A subconjunctival hemorrhage follows a predictable pattern. The bright red patch slowly changes color over the course of one to two weeks, fading through shades similar to a healing bruise. Toward the end, the white of your eye may take on a yellowish tint before returning to normal. Larger spots can take longer. No treatment speeds up the process, though cold compresses in the first day or two and artificial tears for any mild irritation can help with comfort.

Deeper bleeding inside the eye, like a hyphema or vitreous hemorrhage, has a more variable timeline and usually requires monitoring by an eye specialist. Recovery depends on the amount of blood, the underlying cause, and whether complications like elevated eye pressure or retinal damage develop.
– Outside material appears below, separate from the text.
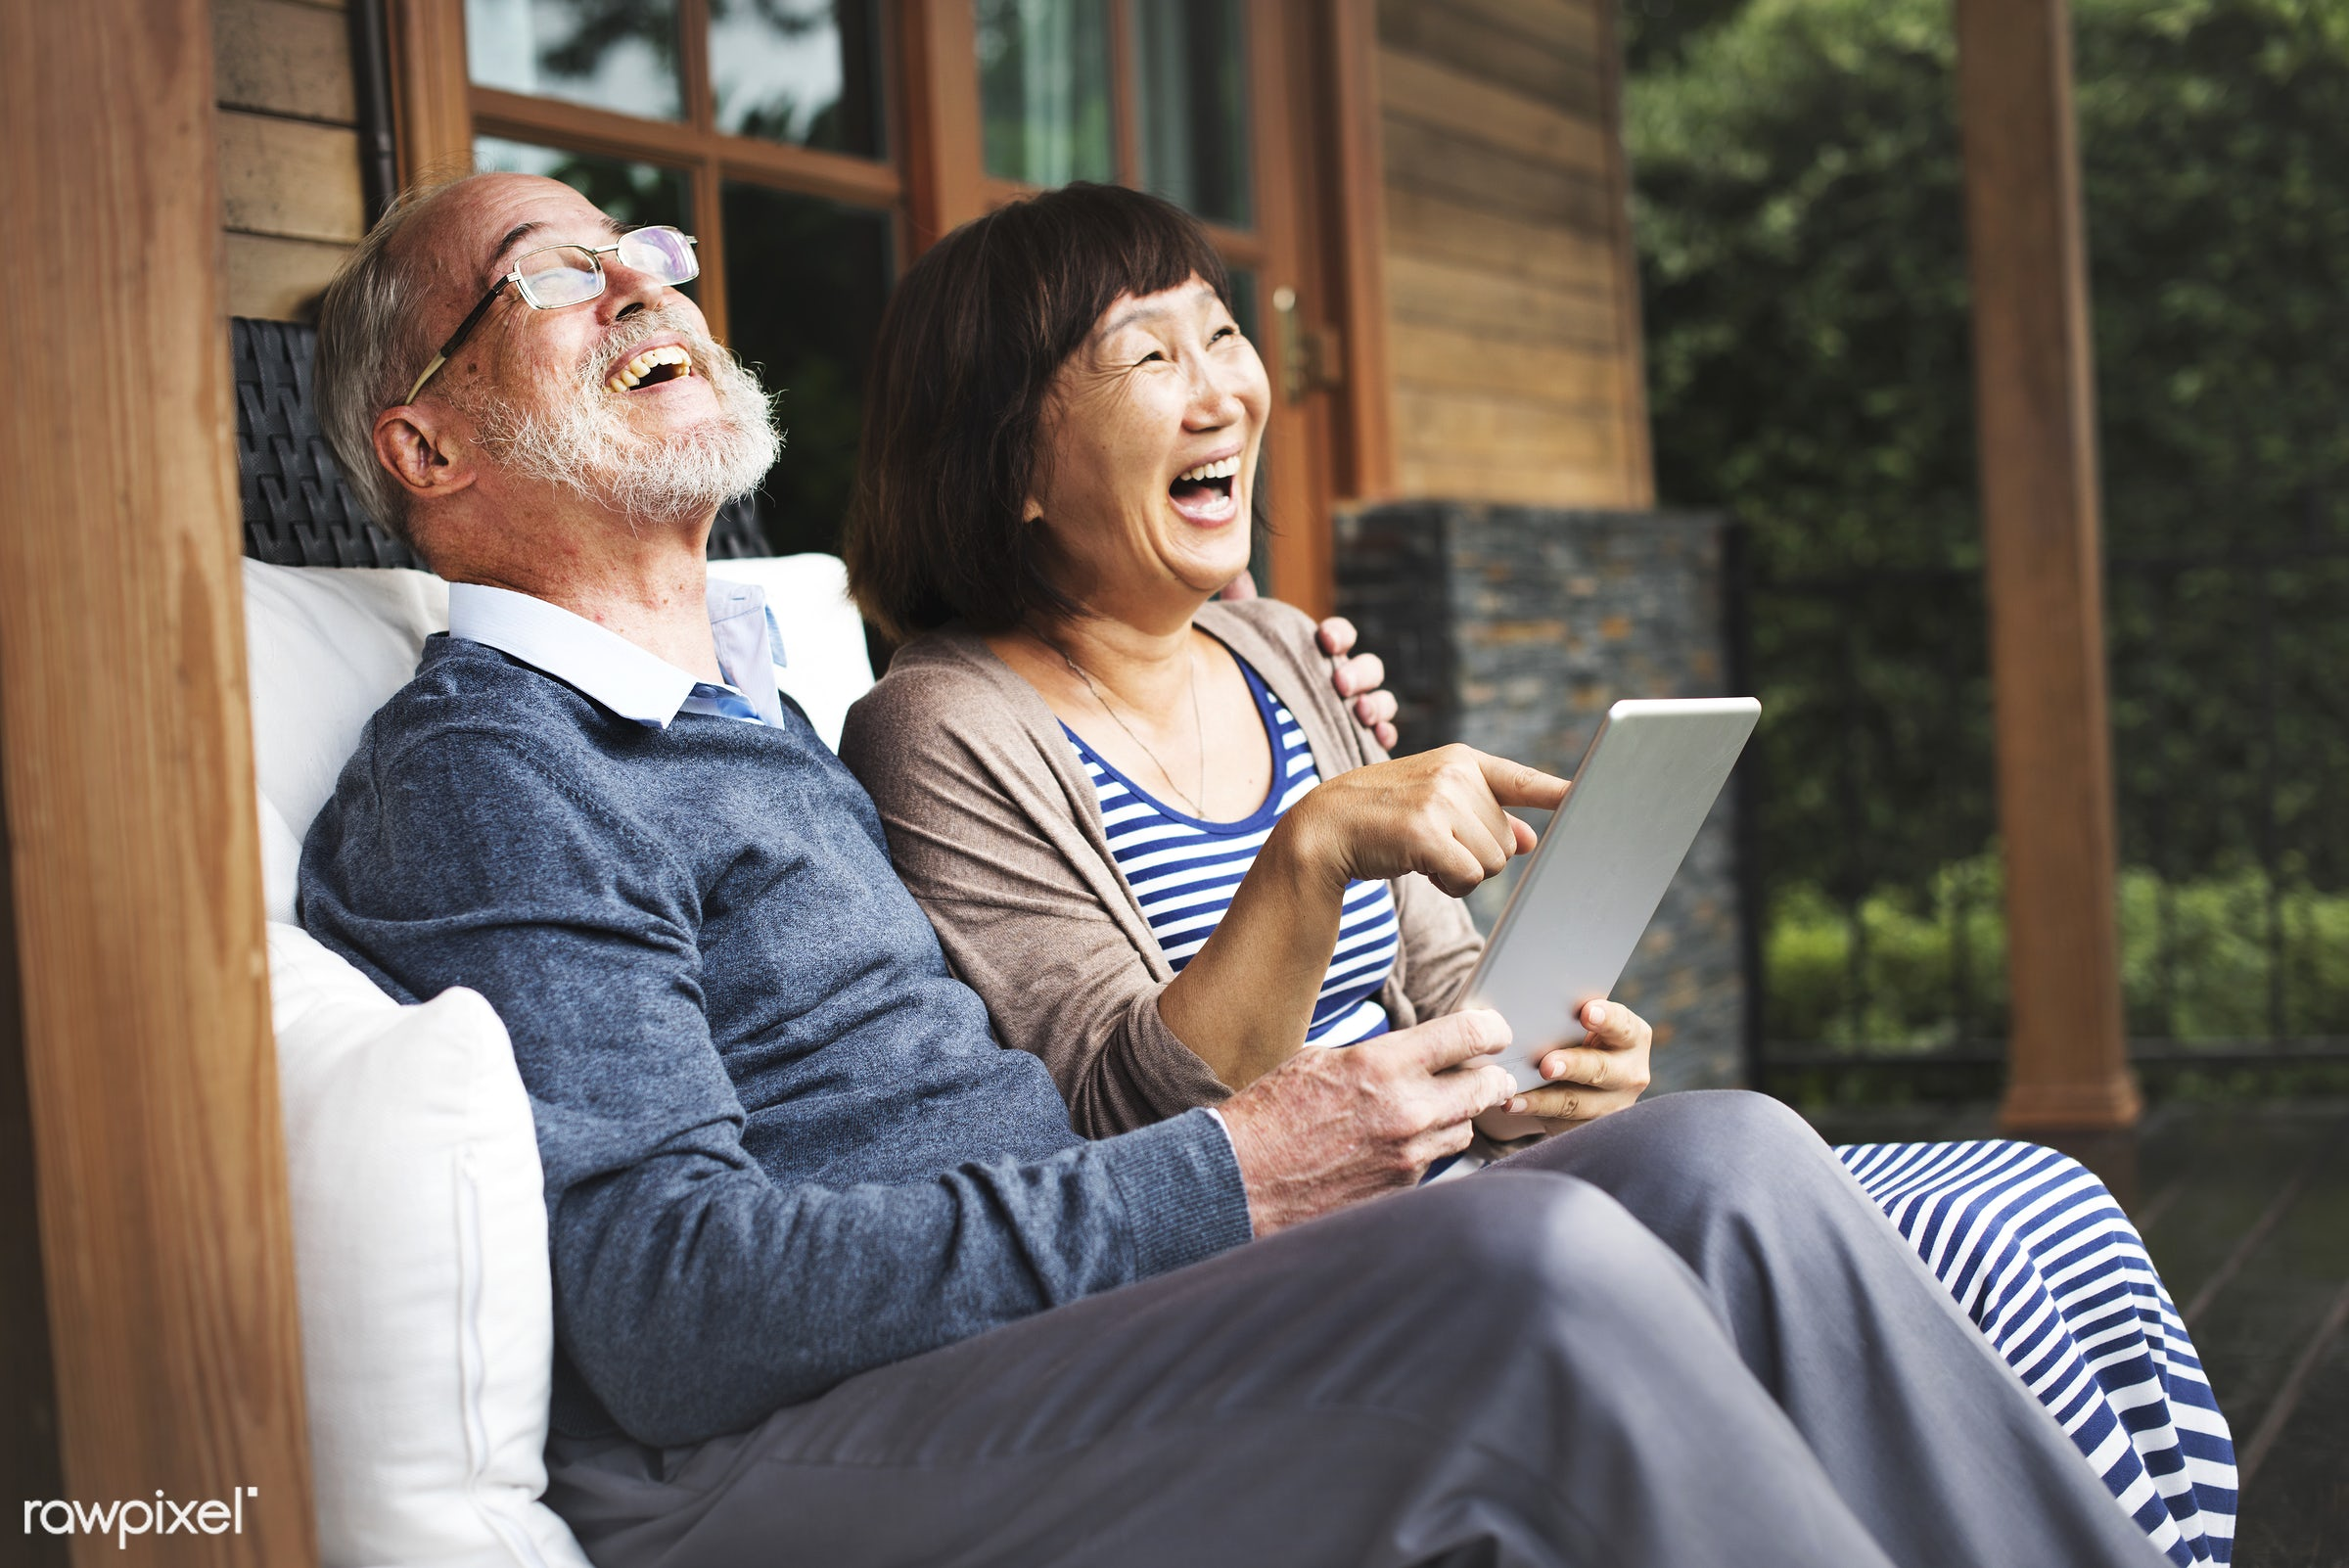 adult, asian ethnicity, bonding, caucasian, chair, cheerful, couple, dating, device, digital, door, female, garden,...

Signs That Need Prompt Attention

A painless red spot on the white of your eye with normal vision is almost certainly a simple subconjunctival hemorrhage and will clear on its own. But certain symptoms alongside eye bleeding signal something more serious:

  • Eye pain: Surface bleeds don’t hurt. Pain suggests deeper bleeding, elevated eye pressure, or injury to internal structures.
  • Vision changes: Blurriness, floaters, a reddish tint, or any loss of vision points to bleeding inside the eye rather than on the surface.
  • Recent eye injury: Any trauma to the eye that causes visible bleeding warrants an exam to rule out hyphema or damage to deeper structures.
  • Recurring episodes: Frequent subconjunctival hemorrhages or easy bruising elsewhere on the body may indicate an underlying bleeding disorder or uncontrolled blood pressure.